Work to complete> Only one stretch of lines is wanted: the line with "Metal Indoor-Outdoor Table" through the final line of the material. Restate it word for word, minus pictures.

Input data>
---

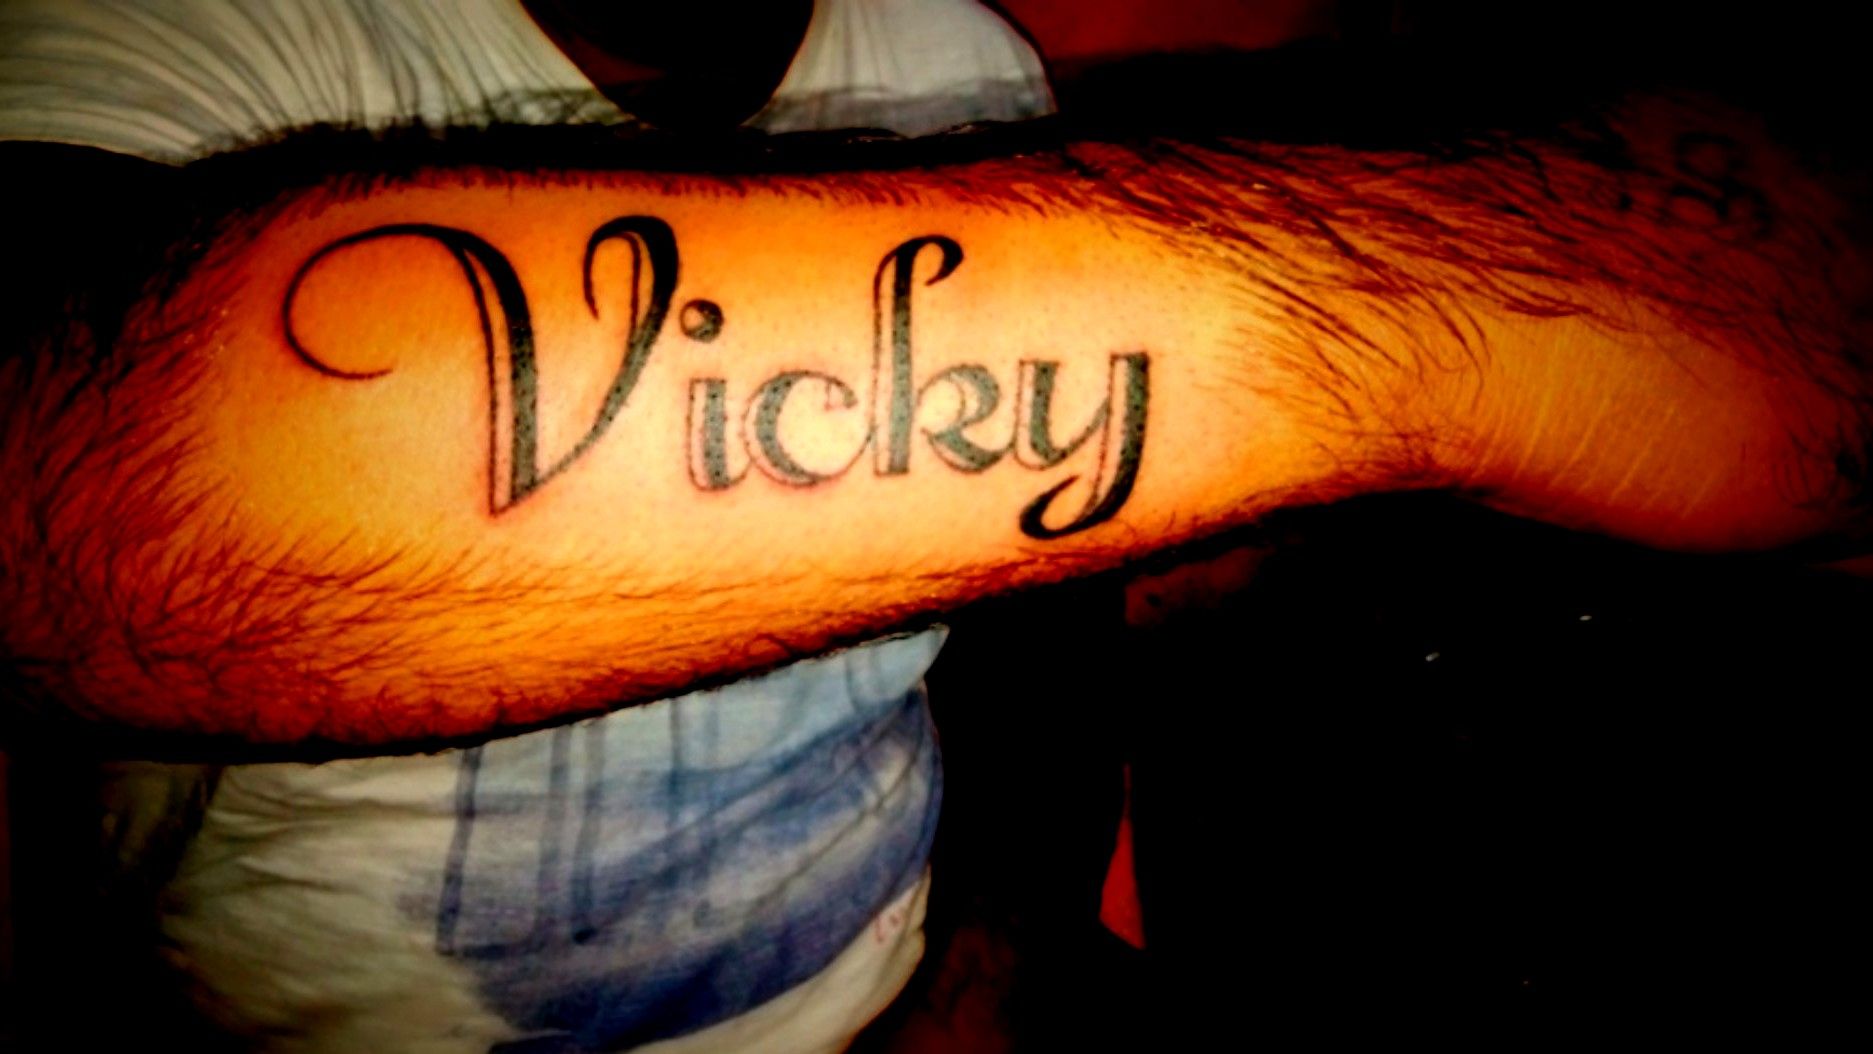 Vicky Name Tattoo  Name tattoo designs Side wrist tattoos Name tattoo
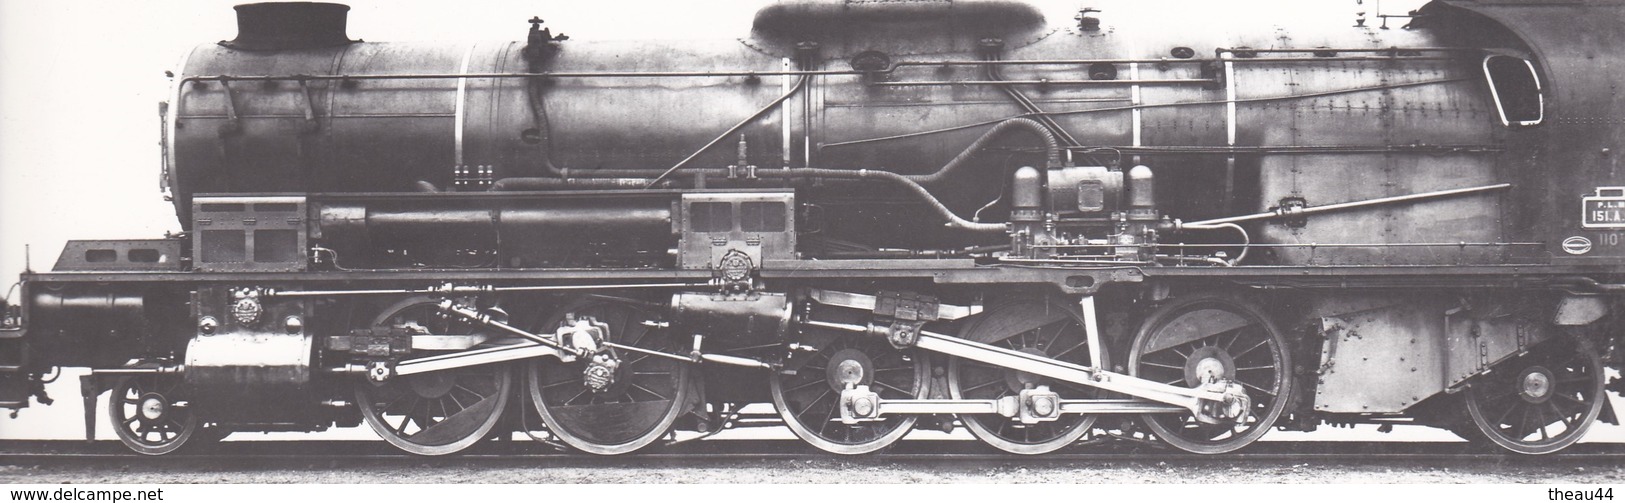 ¤¤  -  Cliché D'une Locomotive Du P.L.M. N° 151.A.1   -  Voir Description   -   ¤¤ - Materiale
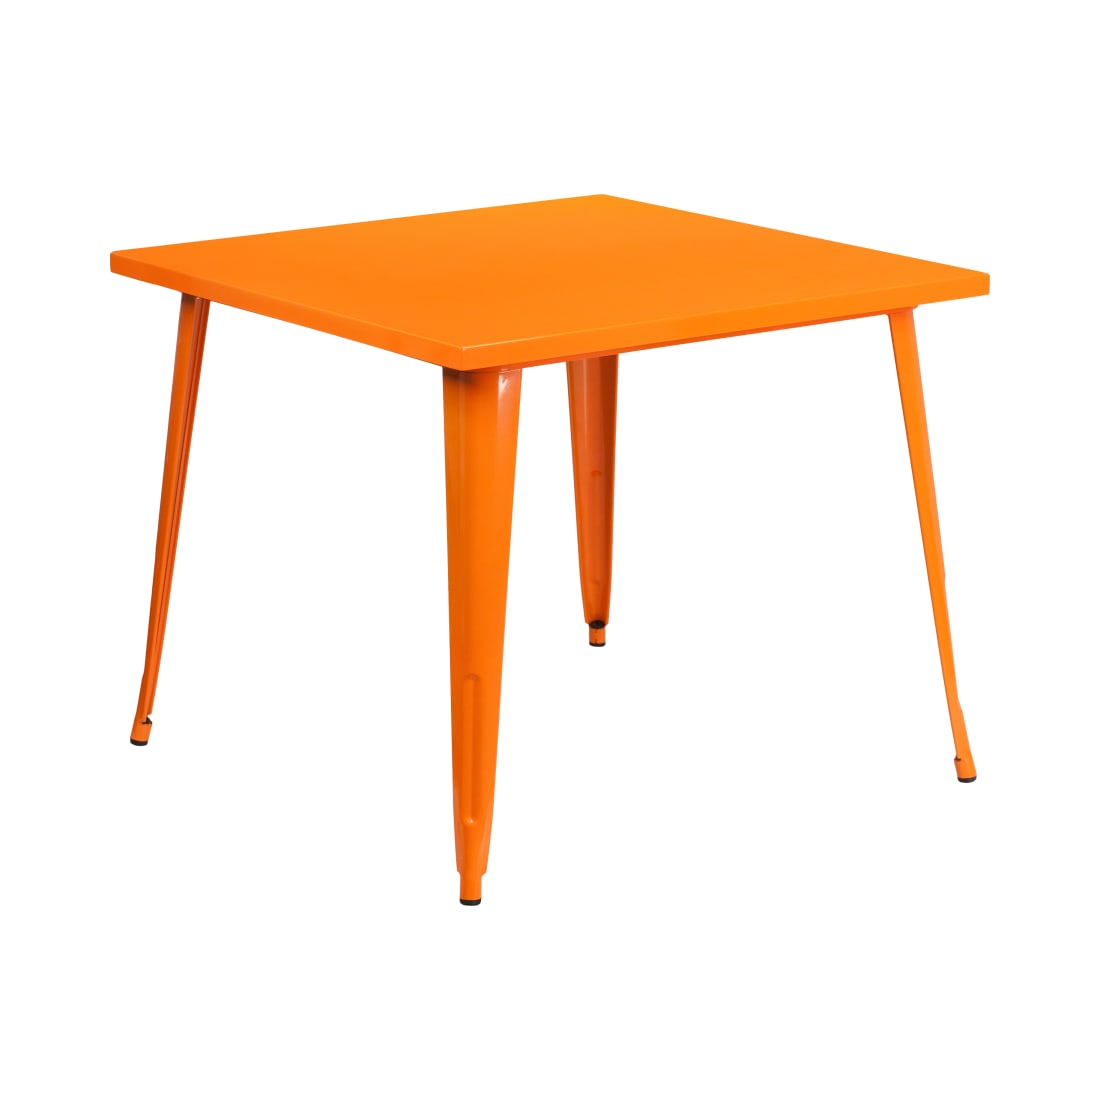 35.5” Square Orange Metal Indoor-Outdoor Table
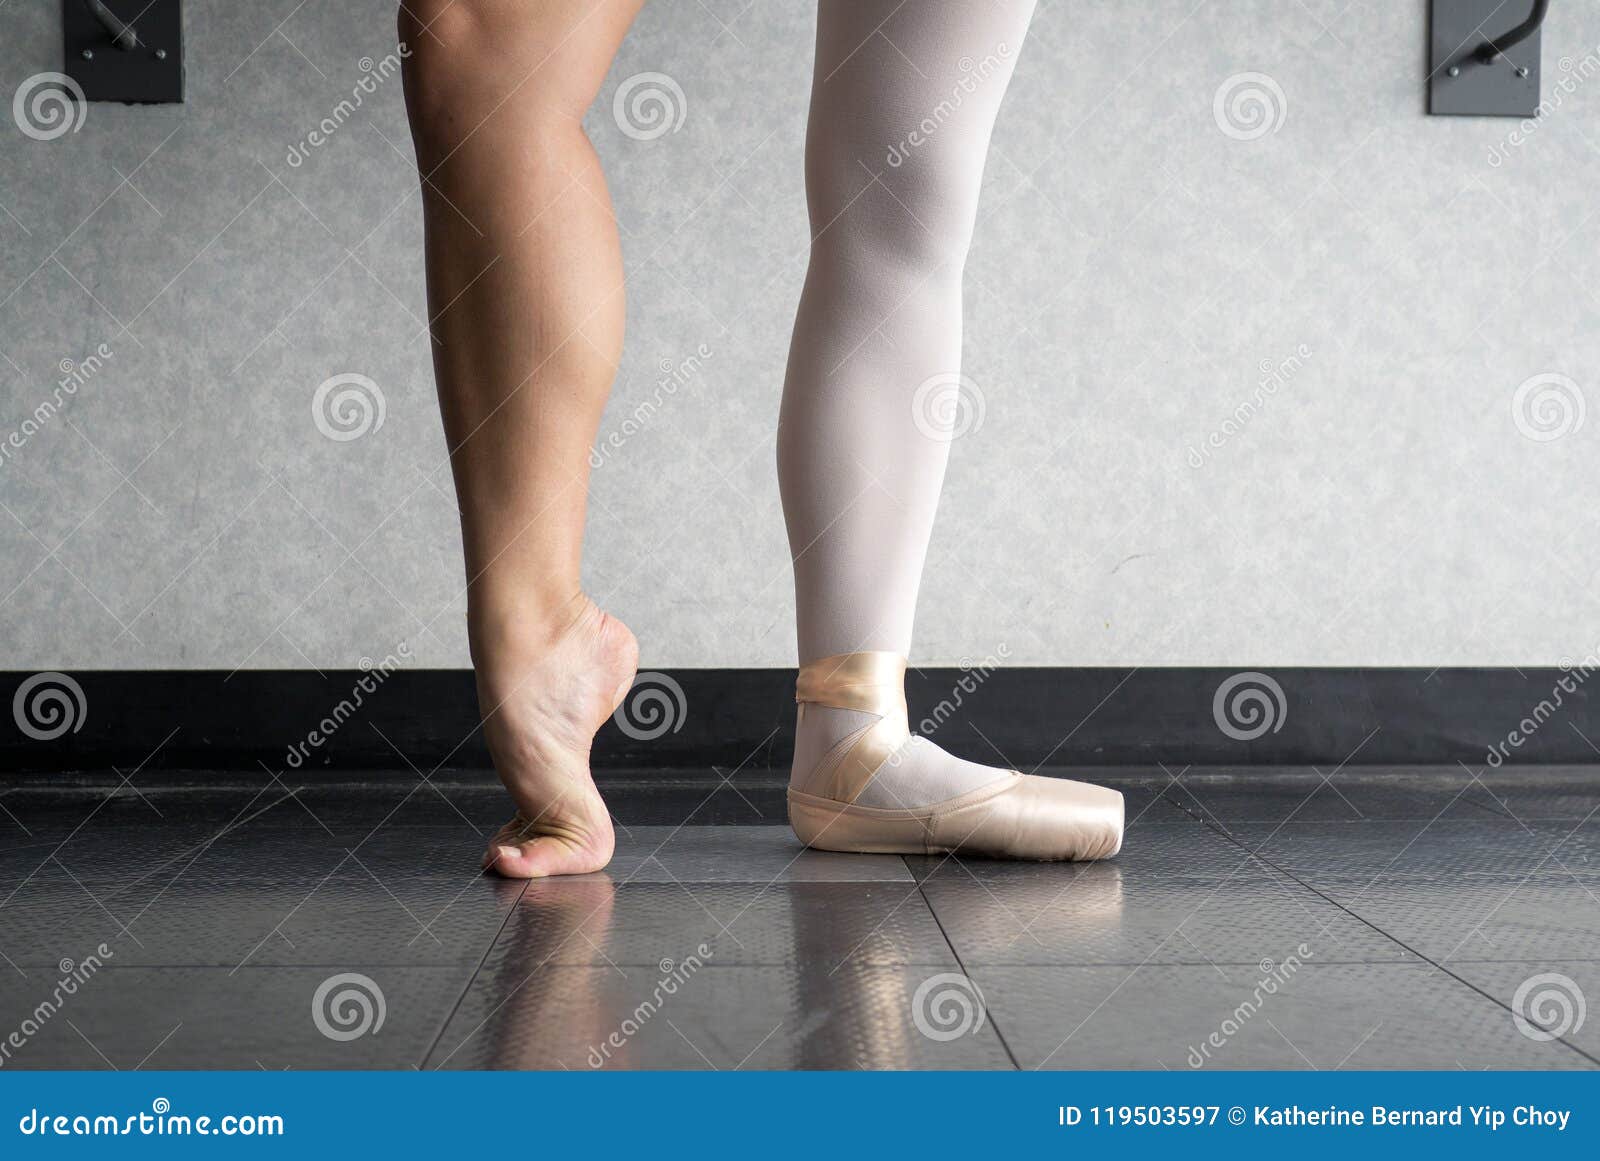 hard ballet shoes

---

Reply to the exercise>
 35.5” Square Orange Metal Indoor-Outdoor Table
 hard ballet shoes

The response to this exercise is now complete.